= Settlement offer =

Offer to end a civil lawsuit out of court

A settlement offer or offer to settle is an offer to resolve an outstanding issue or account. This may involve a statutory offer to compromise in a civil lawsuit. In either case, it involves communication from one party to the other suggesting a settlement, or an agreement to fully and finally resolve the outstanding issue, account, or dispute. In some jurisdictions, if one party makes a settlement offer, and the other party rejects it, this rejection can limit the ability of the other party to recover costs that would have been saved had the settlement offer been accepted.

==United Kingdom==
In England and Wales, offers to settle are governed by Part 36 of the Civil Procedure Rules. The rules were significantly changed in 2015 to reflect developments in case law. These changes included provision for a settlement offer to be time-limited and to be automatically withdrawn if not accepted by a specified time. One factor leading to change was an Appeal Court hearing in the case of Gibbon v Manchester City Council (2010), where "the central question raised [was] whether Part 36 embodies a self-contained code or is subject to the general law of offer and acceptance insofar as it fails expressly to provide otherwise".

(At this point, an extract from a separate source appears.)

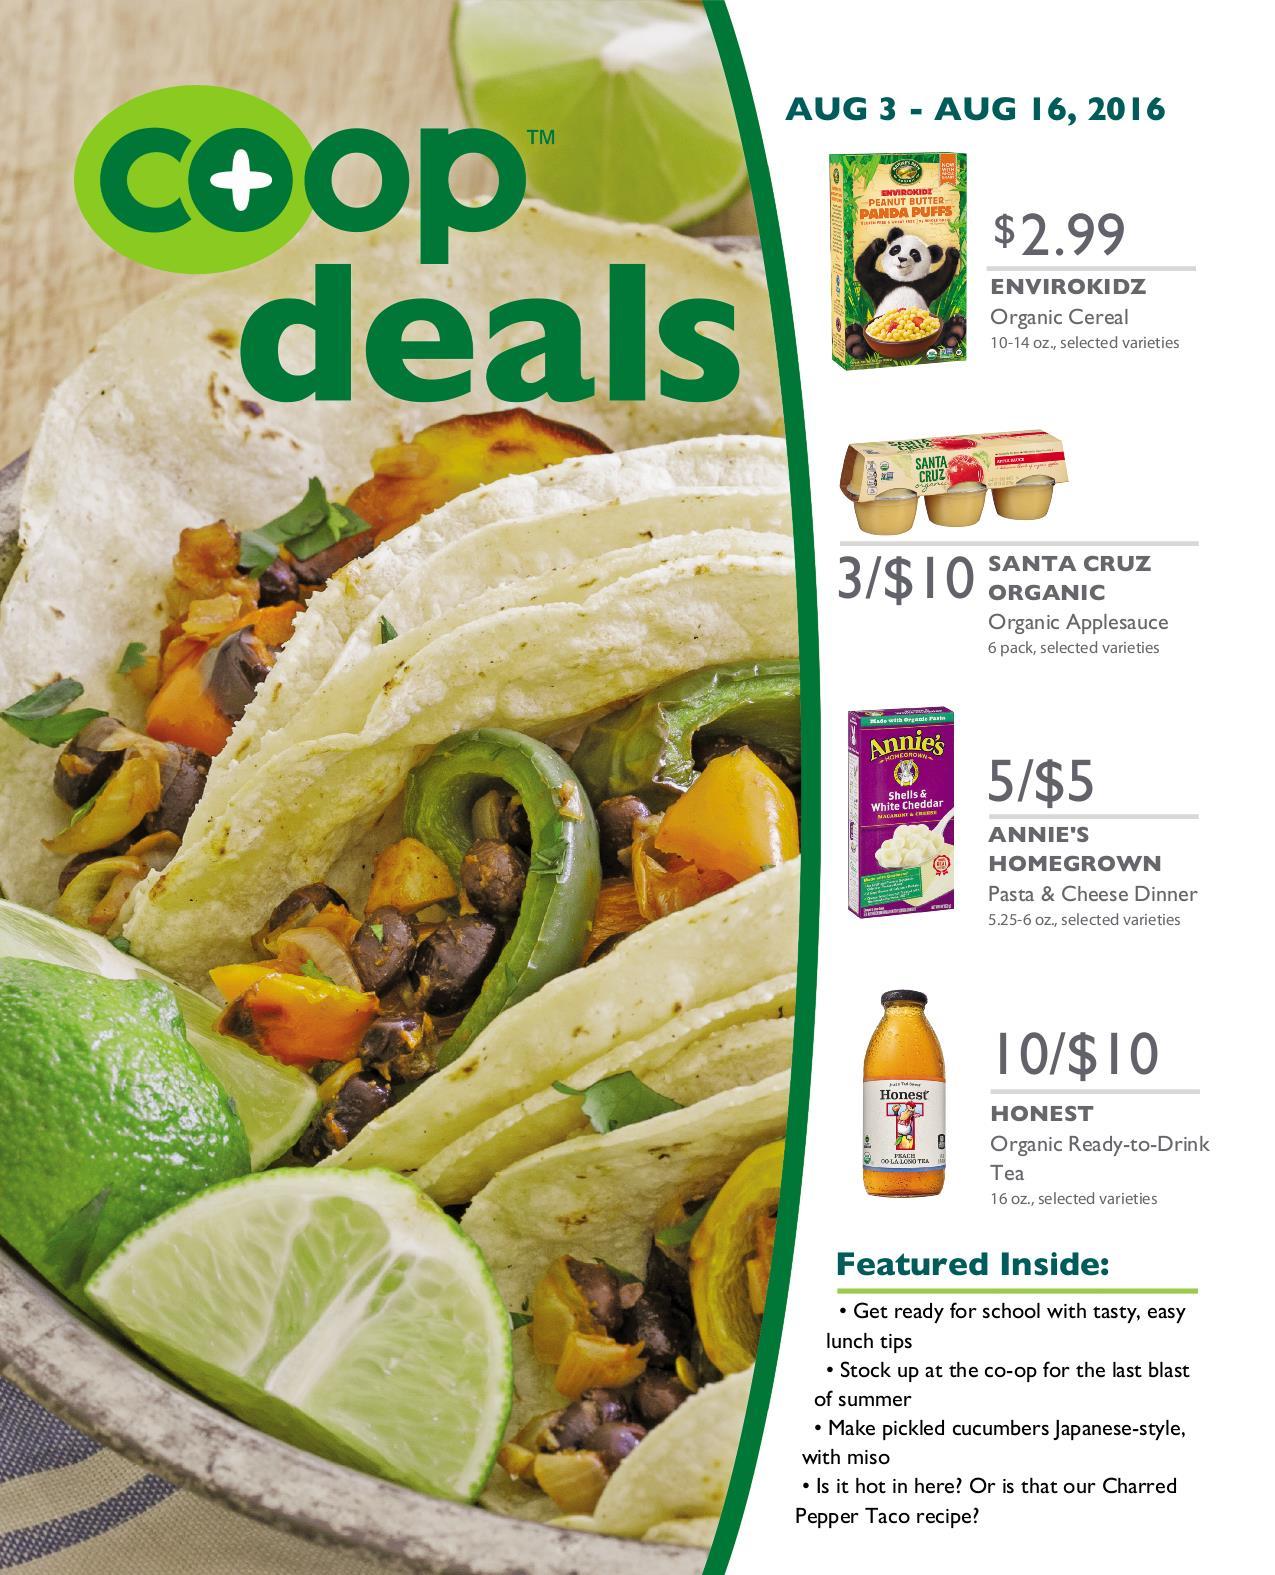 Co+op Deals August 2016 - Flyer A

An offer of settlement may be called a Part 36 offer, Calderbank Offer, Calderbank Letter, or Offer of Compromise. A Part 36 offer must be evidenced in writing. Part 36 does not apply directly where a dispute is being addressed via arbitration, but its principles were applied by Edwards-Stuart J in Paul Price v Ian Carter, where an application was made to enforce an arbitration award and a counter-claim was made to set it aside.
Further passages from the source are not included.